Let's put to one side the fact that I spent a few years working with the police which did give me some idea of what the job involves - I had to understand what went on in order to do _my_ job. But let's take the approach that I'm just a "customer" of the police and I'm looking at it entirely from my own point of view. Your attitude is to discount my views because I don't know anything about your job - and I'm an arrogant blah, blah, blah. On this argument, someone who has dealings with a retailer has no right to make a comment on his/her experiences of the retailer because they don't know anything about retailing. Which is plainly "shite" - to use a word you understand. The customer is not necessarily always right but a sensible retailer listens to what they say.
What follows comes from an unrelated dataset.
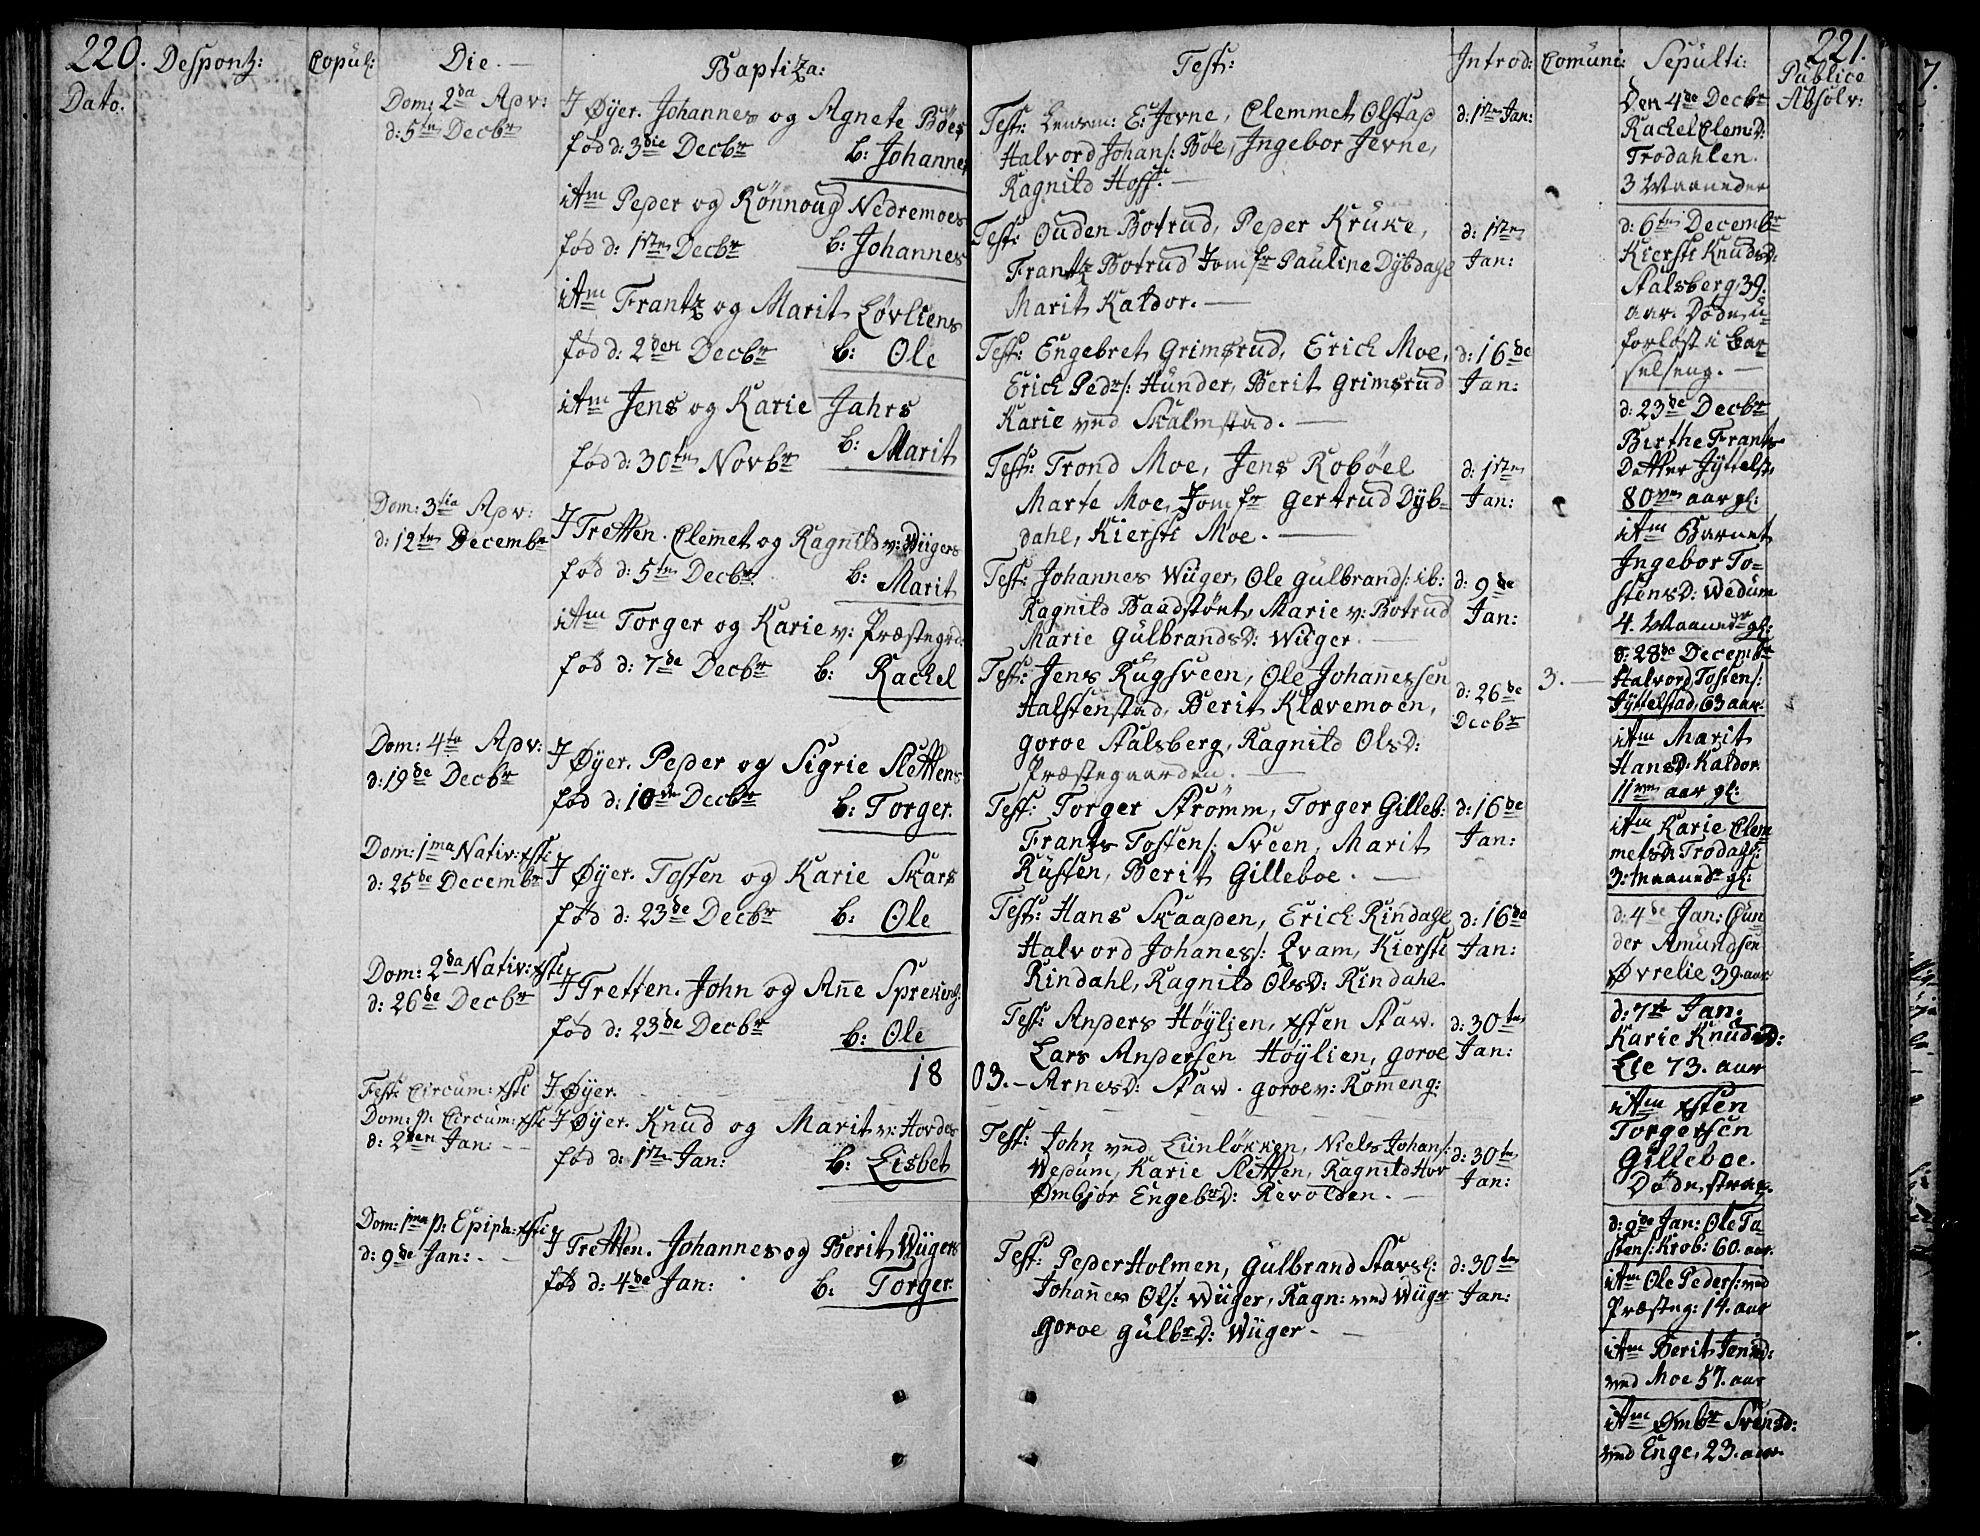 SAH, Øyer prestekontor, Ministerialbok nr. 3, 1784-1824, s. 220-221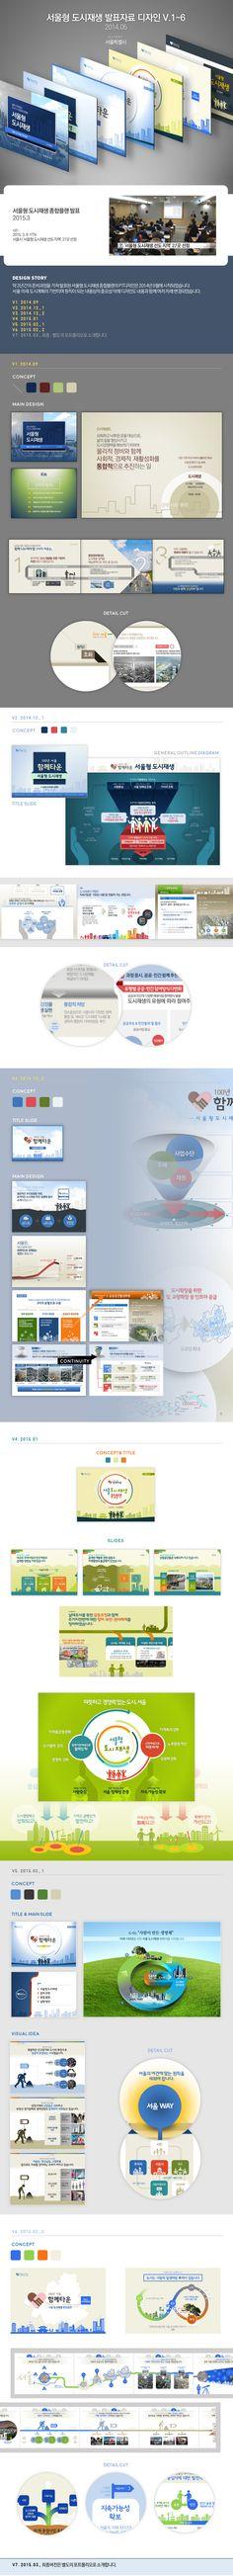 Seoul Urban Regeneration Plan 2015, Presentation Design with infographic. design by ptwiz. / 서울형 도시재생 발표자료 디자인 BY 피티위즈 / 클라이언트 : 서울특별시 도시재생본부

My experience of the police is that they have very little interest in dealing with - or even recording - crime, except under particular circumstances, and I've given several examples of this previously. But I've also gone a bit further by suggesting where some of the problems lie, which are, to some extent, based on a bit of inside knowledge. I'll give another example.

Take the cases of the muslim gangs who have been abusing vulnerable white girls - because they're kuffar infidels and therefore worthless. Several of these unfortunate girls reported what was happening to the police but were dismissed as prostitutes/unreliable, etc. I don't think this was an example of the police doing a "good job" and I think it reflects that the police have become a politically correct organisation.

When dealing with crimes such as this the "modern" police chief's reaction is inaction - as Peter Cook once said in another context they "immediately do nothing". Then they fire off a memo to their staff reminding them to be aware of racial, religious and cultural sensitivities when dealing with ethnic minorities and always exercise tolerance- or some such nonsense. The average cop just hits the delete button while issuing a string of expletives, but they have to do what they're told. So nothing happens until some journalists get hold of the case and the police are forced, very belatedly, to begin doing something.

I reckon Robocop would have taken a different approach. He'd have said something like "Round up those Paki's and bring 'em in for questioning" - much as DC Hunt would have done - and he would have been on their case with every possible form of surveillance until he'd nailed them.



Mark Davies said:


> The independant Crime Survey (not the police statistics) showed a 9% decrease in crime in the year to March 2013 - in fact more than your so called 'fiddled' official police statistics which showed a 7% fall.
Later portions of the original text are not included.